If the Company were to recognize the unrecognized tax benefits of $1.7 billion at December 31, 2017, the income tax provision would reflect a favorable net impact of $1.6 billion.
The Company is under examination by numerous tax authorities in various jurisdictions globally. The Company believes that it is reasonably possible that the total amount of unrecognized tax benefits as of December 31, 2017 could decrease by up to approximately $165 million in the next 12 months as a result of various audit closures, settlements or the expiration of the statute of limitations. The ultimate finalization of the Company’s examinations with relevant taxing authorities can include formal administrative and legal proceedings, which could have a significant impact on the timing of the reversal of unrecognized tax benefits. The Company believes that its reserves for uncertain tax positions are adequate to cover existing risks or exposures.
Expenses for interest and penalties associated with uncertain tax positions amounted to $183 million in 2017, $134 million in 2016 and $102 million in 2015. These amounts reflect the beneficial impacts of various tax settlements, including those discussed below.

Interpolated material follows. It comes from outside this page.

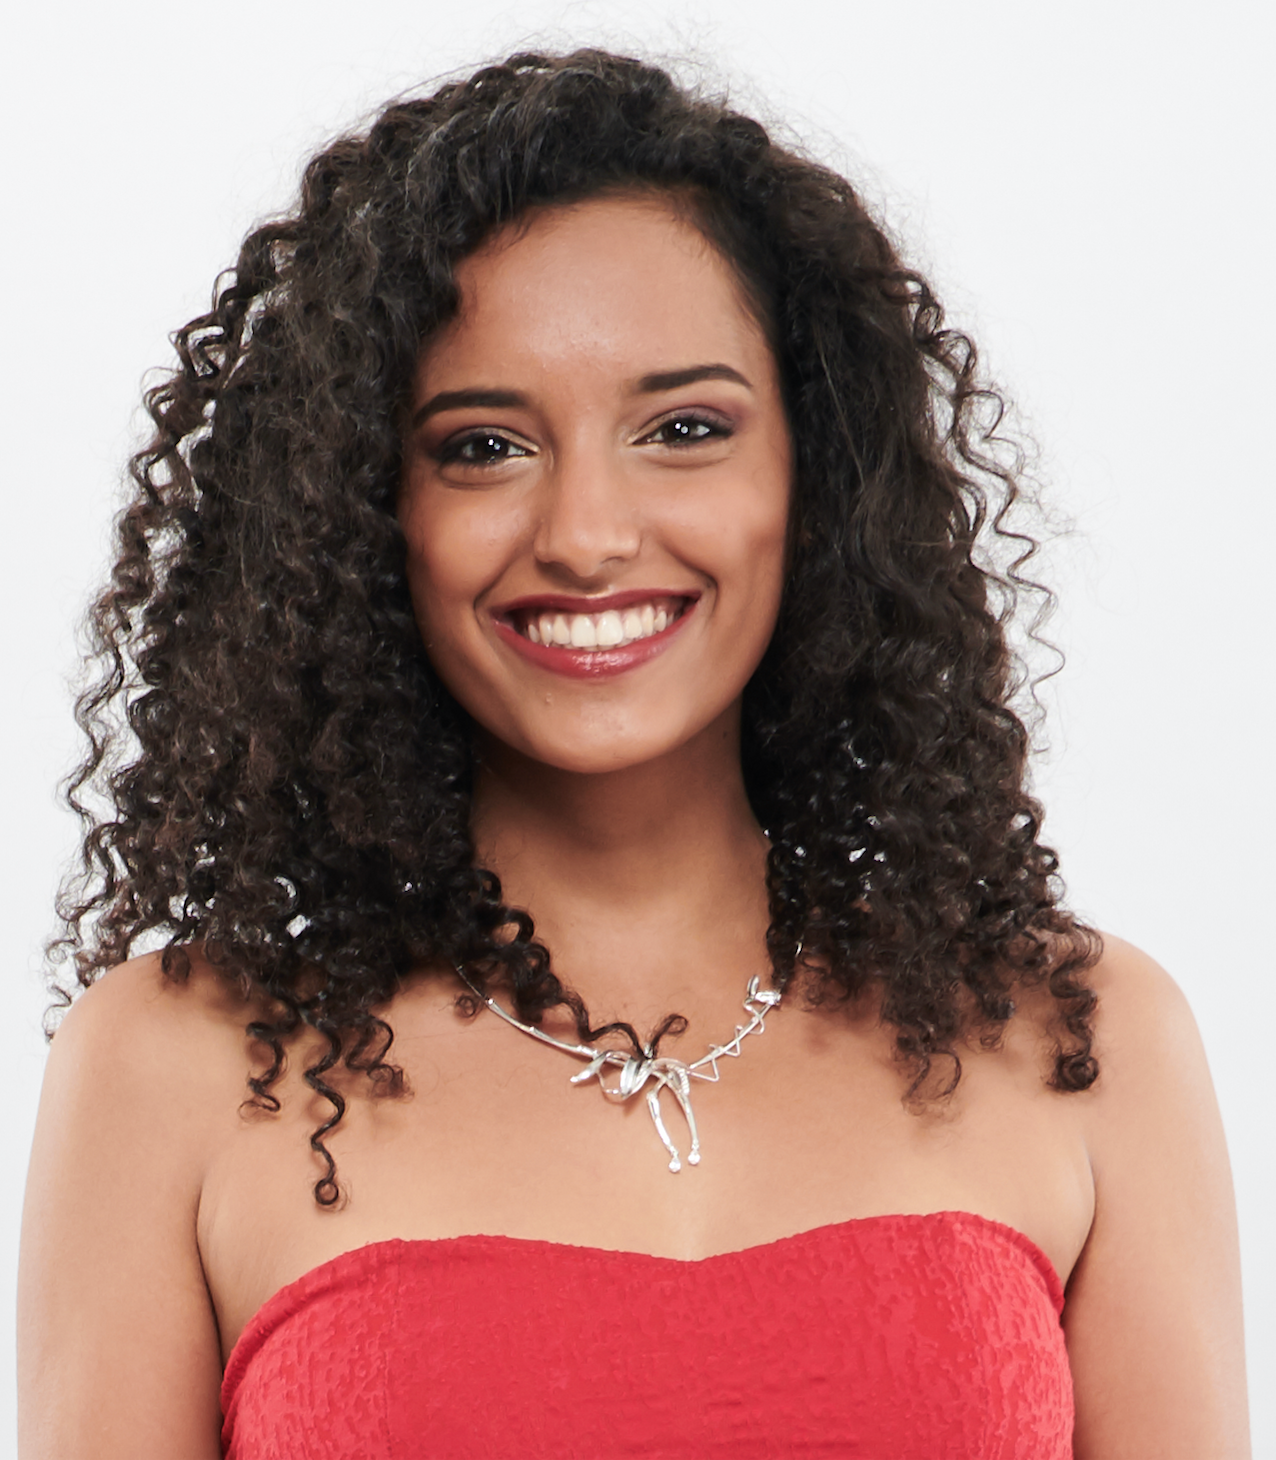 N°5. Elisa Villard - 20 ans, 1,71m - Saint-Pierre
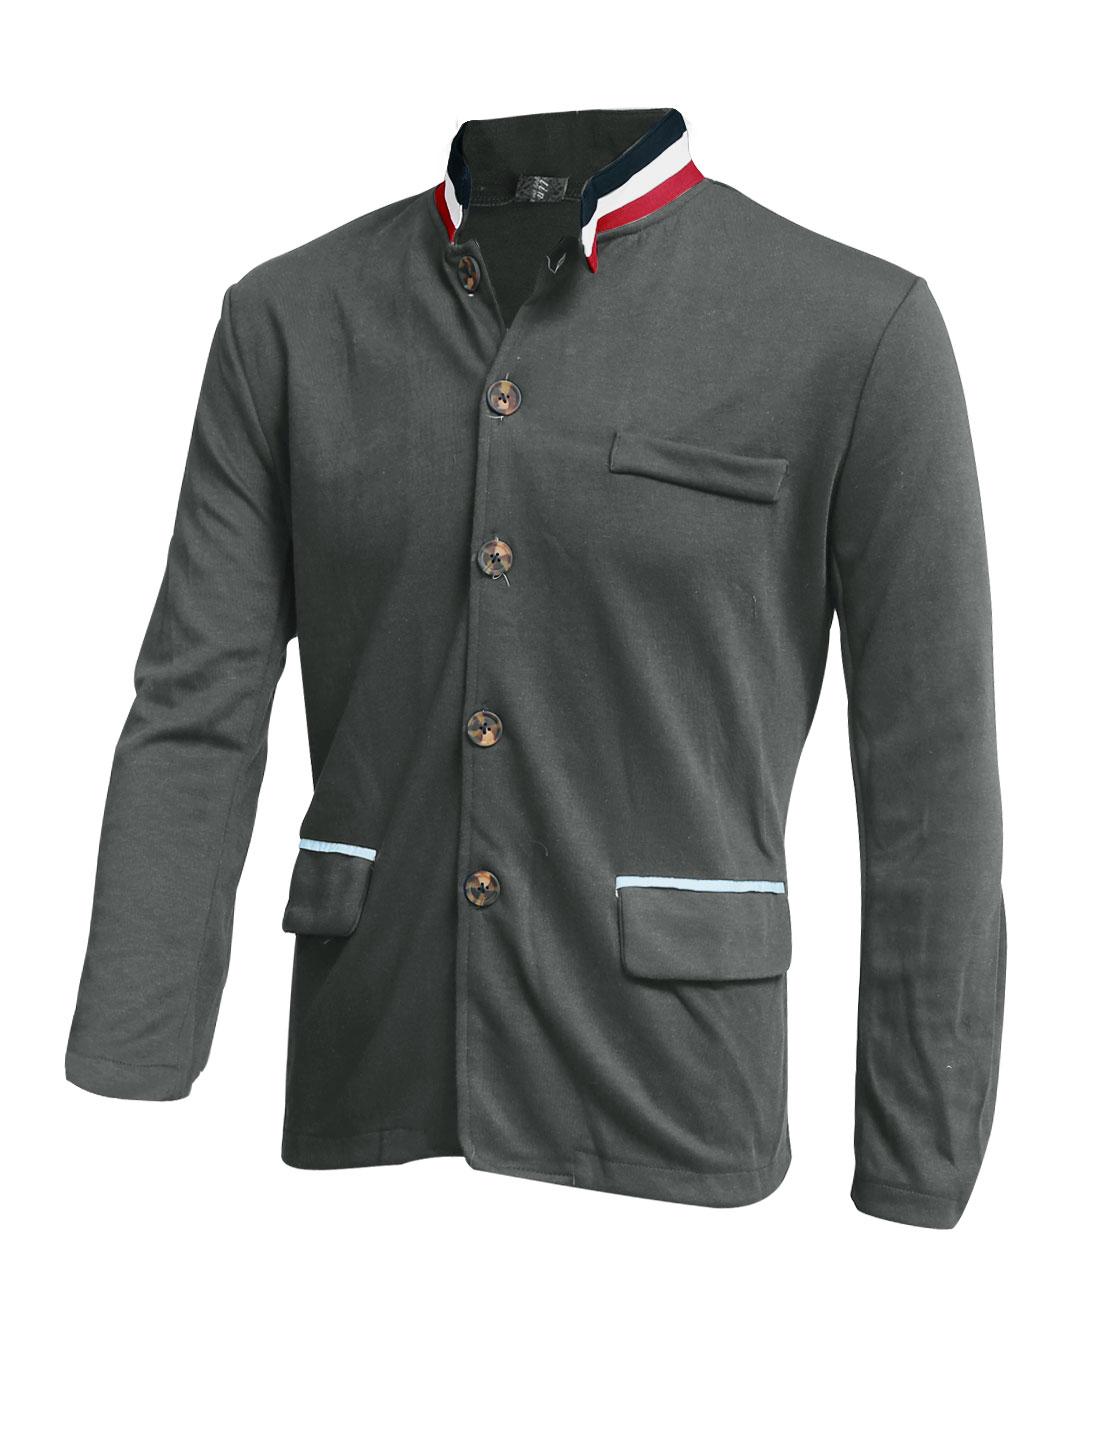 Men Stand Collar Flap Pockets Front Leisure Light Jacket Dark Gray M

Liabilities for accrued interest and penalties were $341 million and $886 million as of December 31, 2017 and 2016, respectively.
In 2017, the Internal Revenue Service (IRS) concluded its examinations of Merck’s 2006-2011 U.S. federal income tax returns. As a result, the Company was required to make a payment of approximately $2.8 billion. The Company’s reserves for unrecognized tax benefits for the years under examination exceeded the adjustments relating to this examination period and therefore the Company recorded a net $234 million tax benefit in 2017. This net benefit reflects reductions in reserves for unrecognized tax benefits for tax positions relating to the years that were under examination, partially offset by additional reserves for tax positions not previously reserved for, as well as adjustments to reserves for unrecognized tax benefits relating to years which remain open to examination that are affected by this settlement.
Although the IRS’s examination of the Company’s 2002-2005 federal tax returns was concluded prior to 2015, one issue relating to a refund claim remained open. During 2015, this issue was resolved and the Company received a refund of approximately $715 million, which exceeded the receivable previously recorded by the Company, resulting in a tax benefit of $410 million.
The IRS is currently conducting examinations of the Company’s tax returns for the years 2012 through 2014. In addition, various state and foreign tax examinations are in progress. For most of its other significant tax jurisdictions (both U.S. state and foreign), the Company’s income tax returns are open for examination for the period 2003 through 2017.